- PROBLEM STATEMENT: Every line of the data below is to be duplicated exactly, pictures excepted.

- DATA PROVIDED:
********************

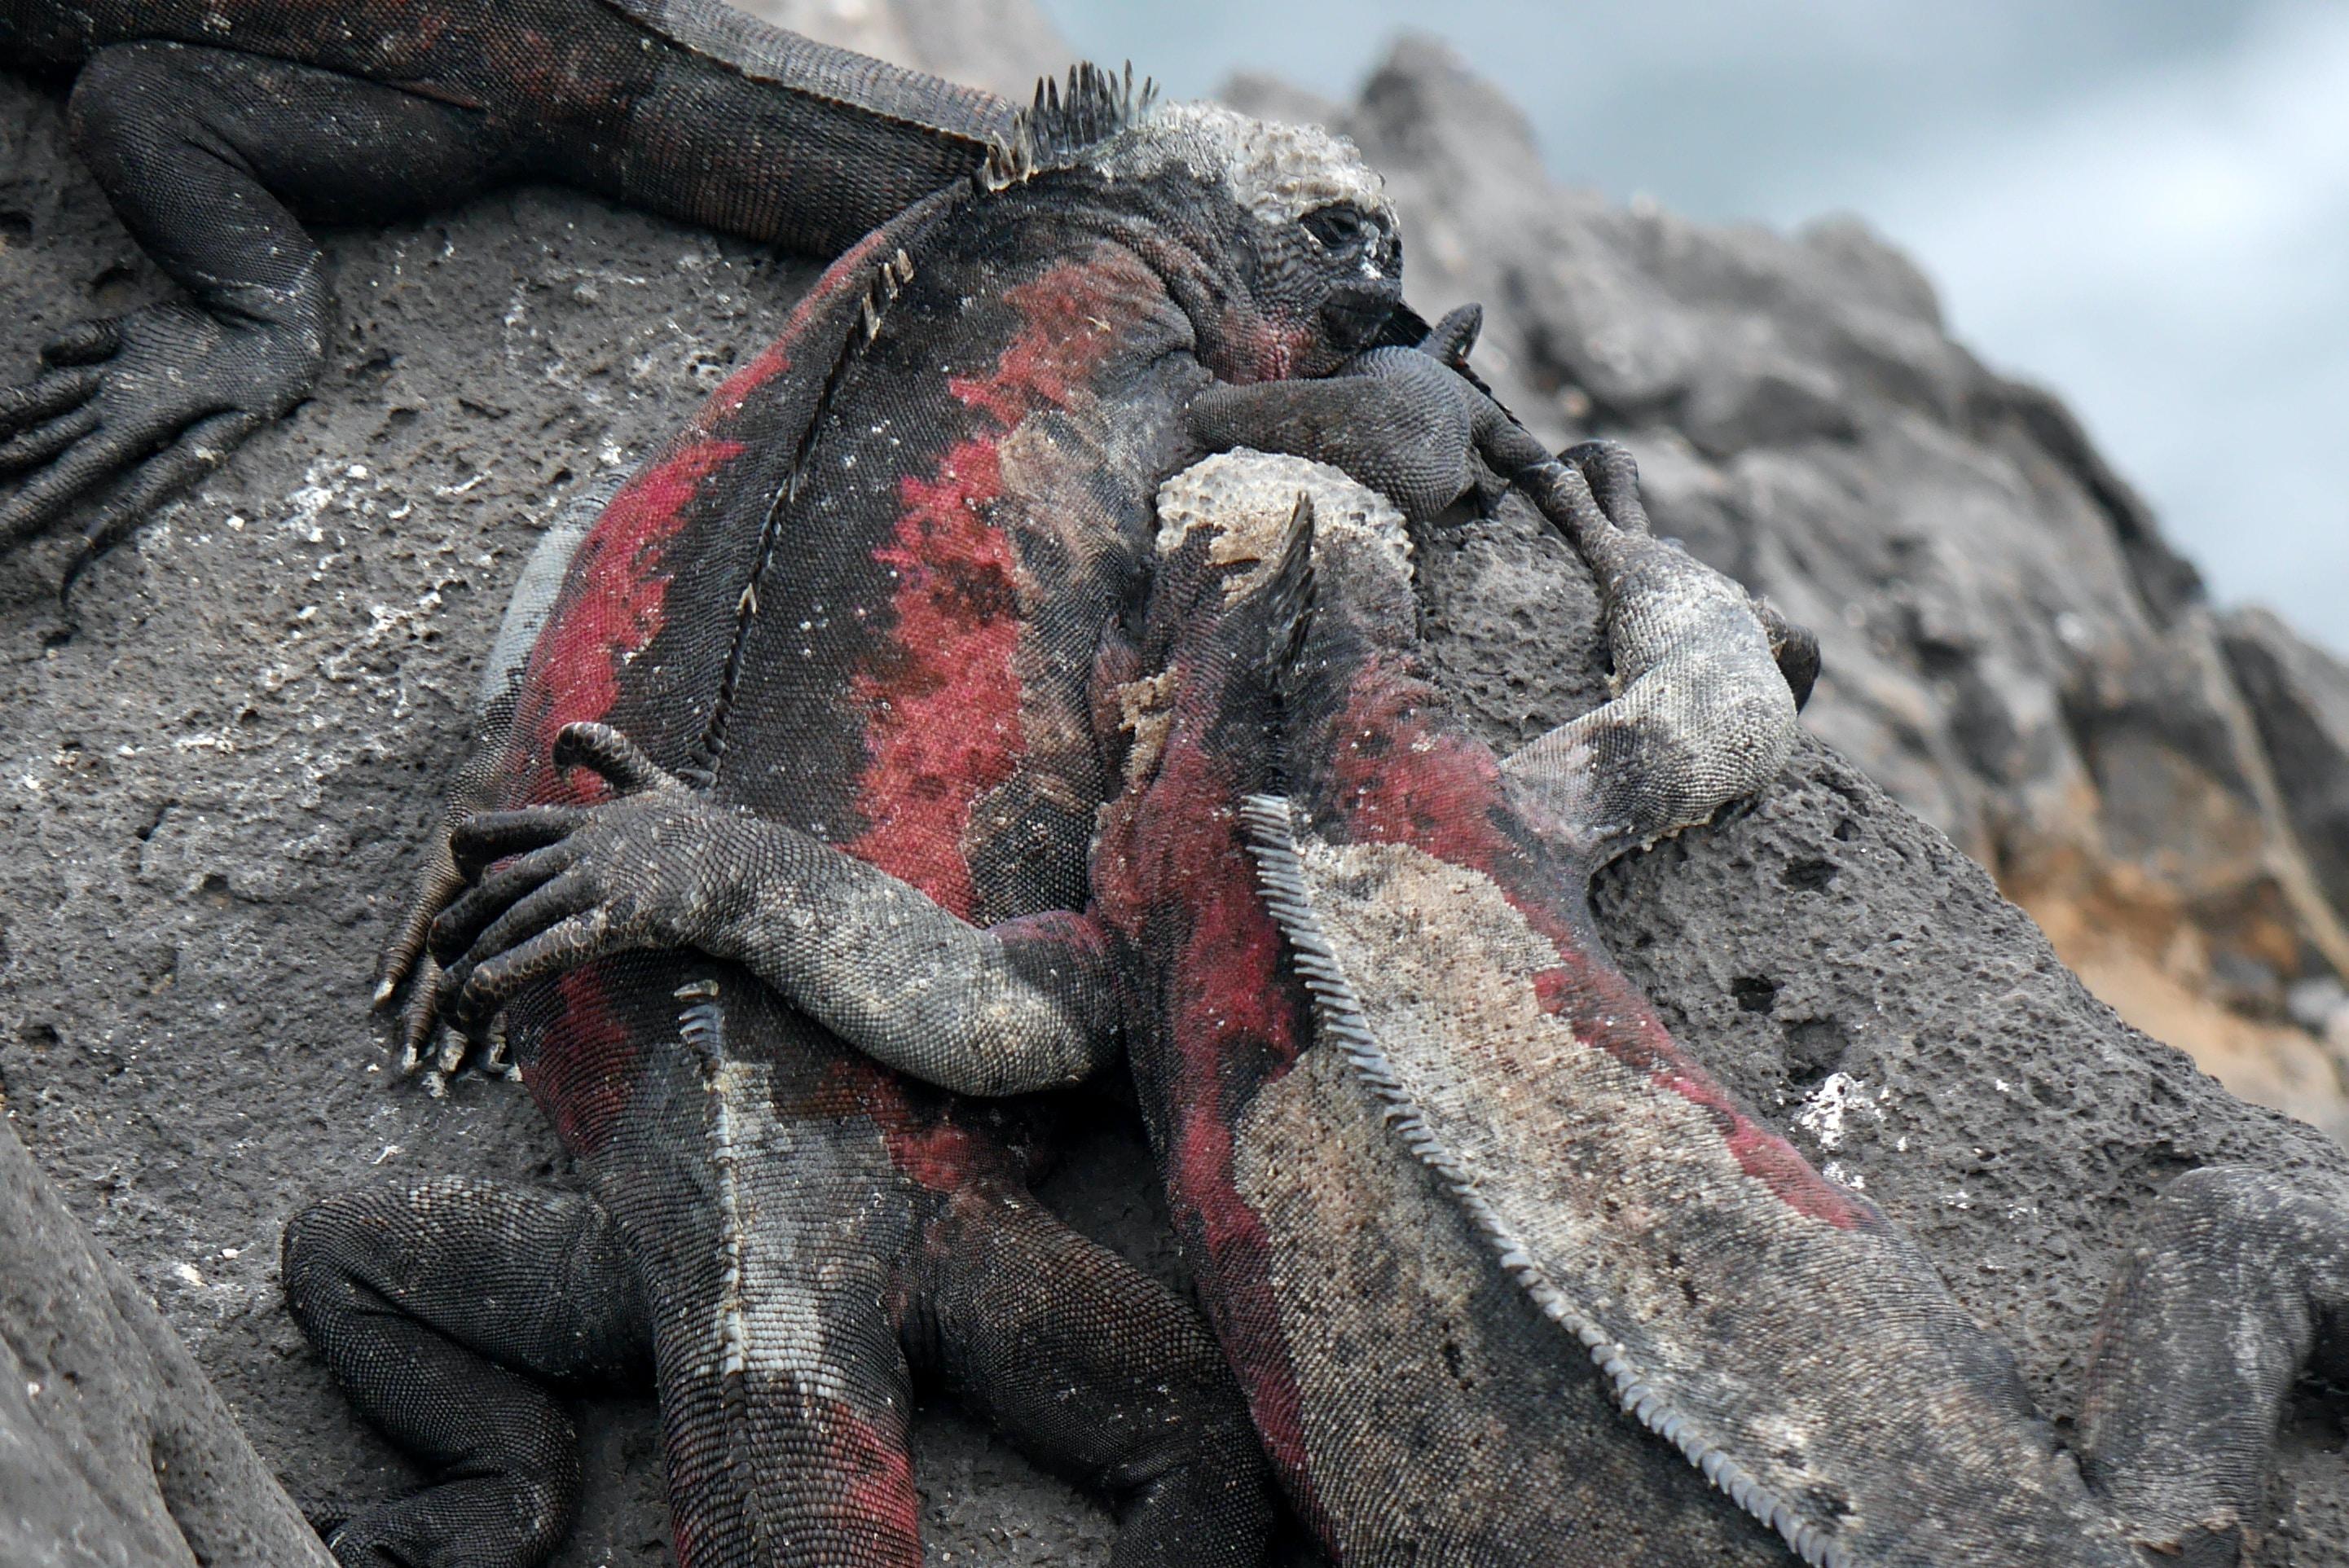 close-up photography of three iguanas on rock
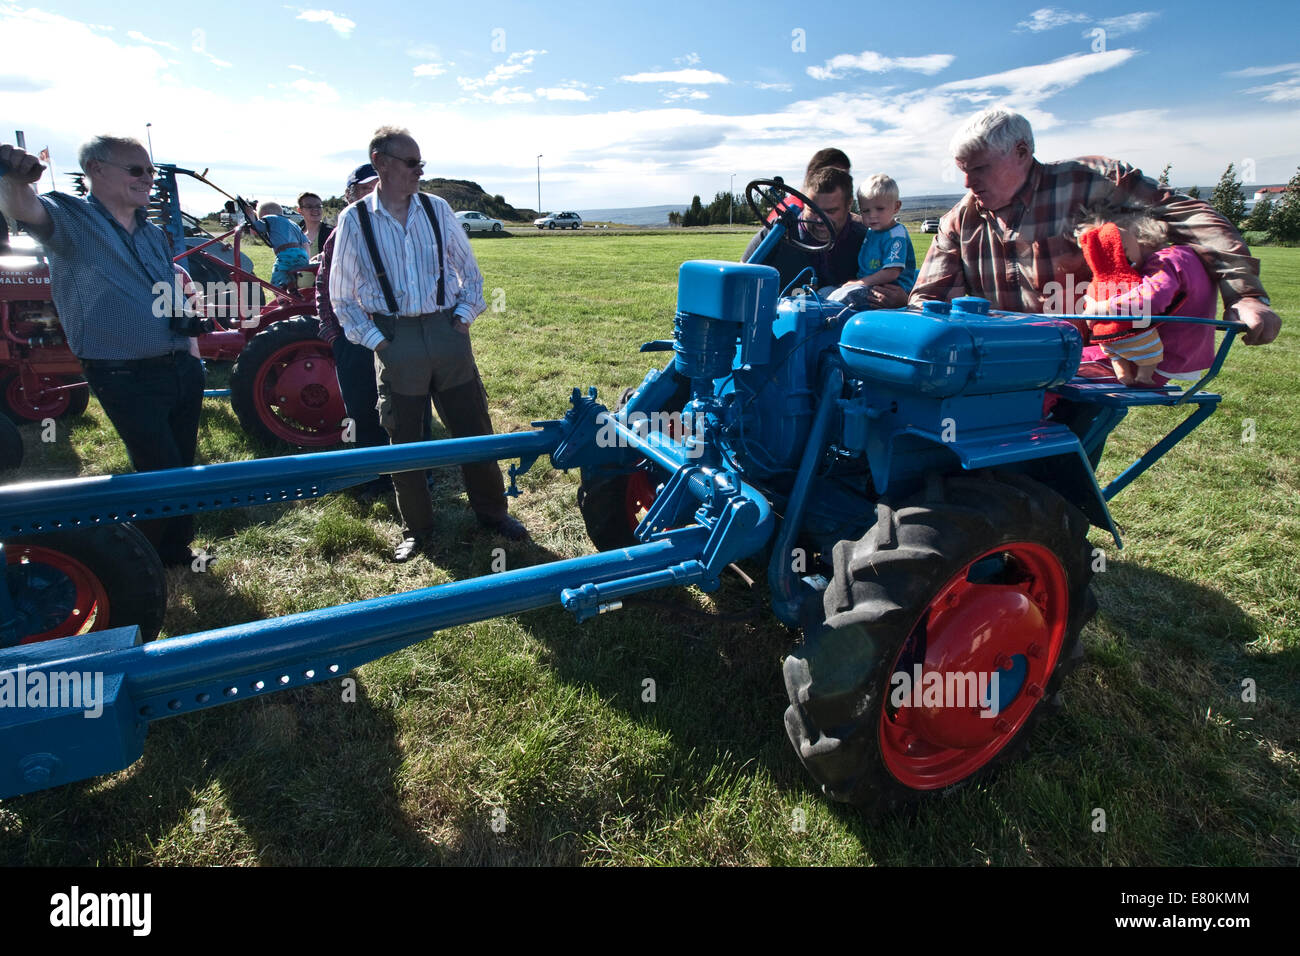 Agricultural Fair in Egilsstadir, Iceland Stock Photo
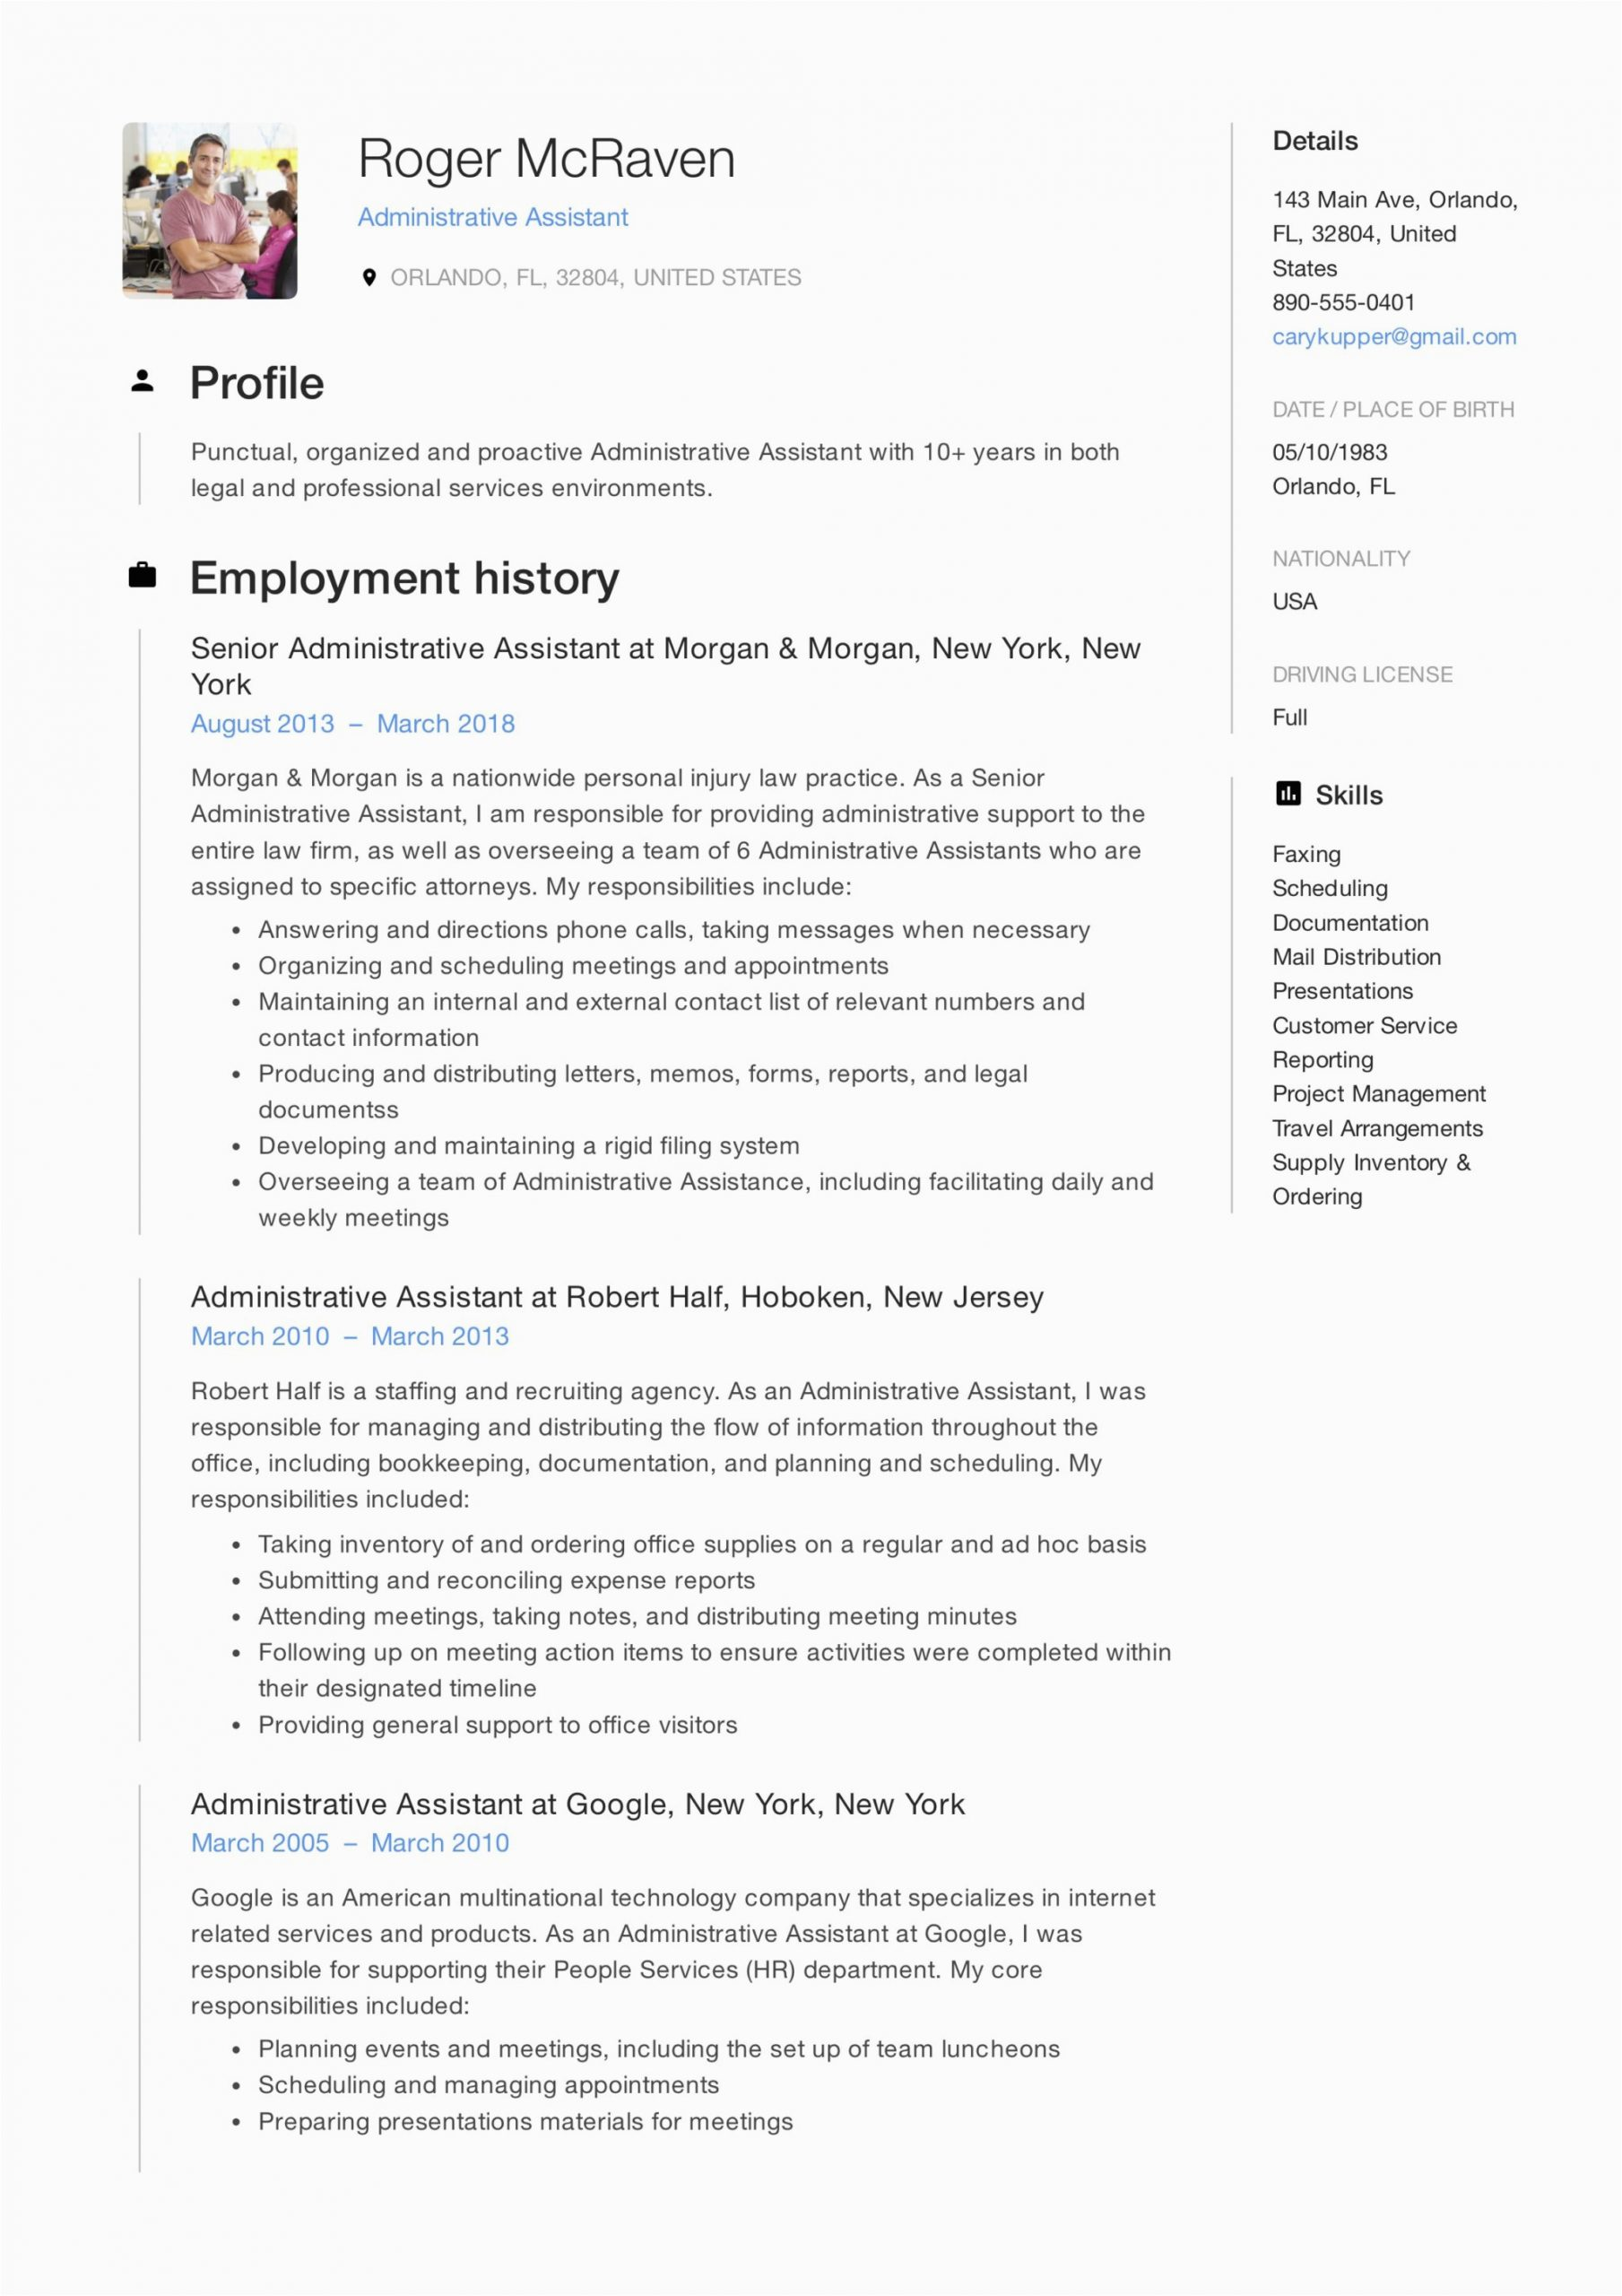 Sample Resume for Administrative assistant Pdf Full Guide Administrative assistant Resume [ 12 Samples
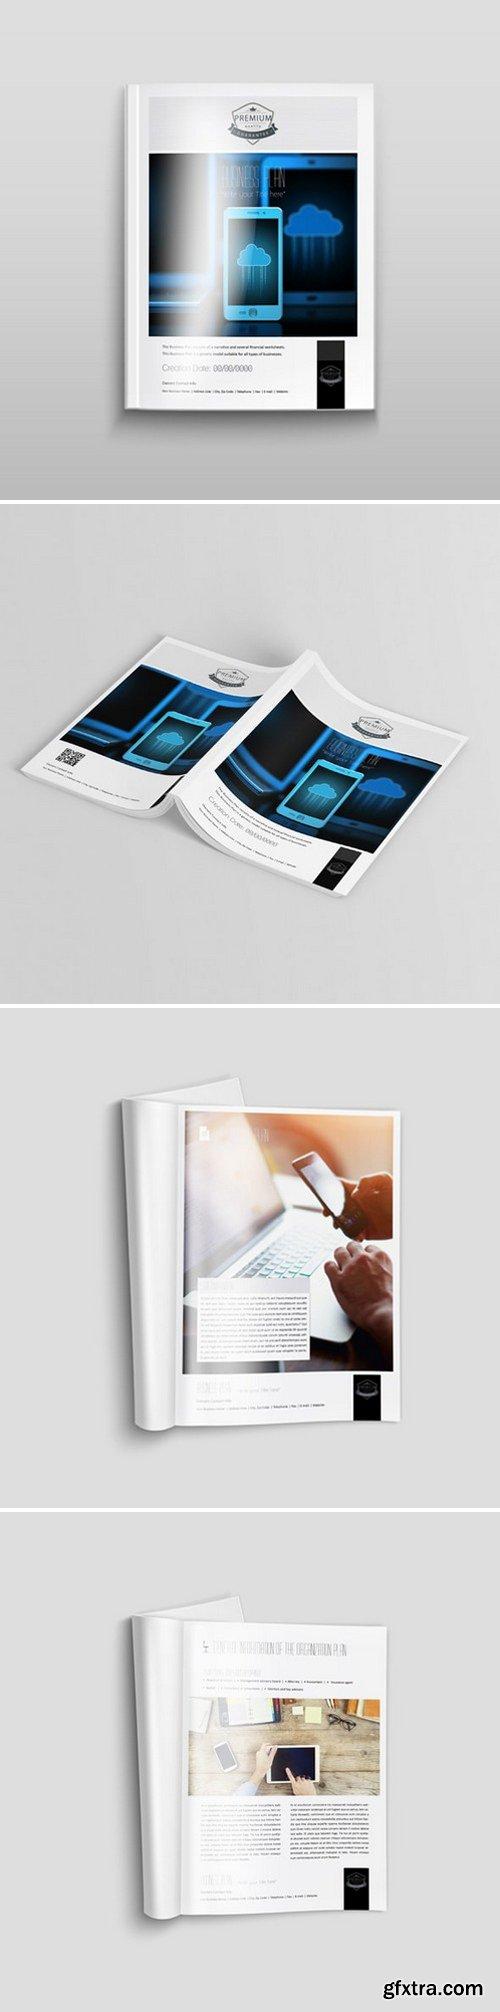 KeBoto - A4 Portrait Business Plan Template 000172

********************

- COMPLETED TASK:
 close-up photography of three iguanas on rock
 Agricultural Fair in Egilsstadir, Iceland Stock Photo
 Sample Resume for Administrative assistant Pdf Full Guide Administrative assistant Resume [ 12 Samples
 KeBoto - A4 Portrait Business Plan Template 000172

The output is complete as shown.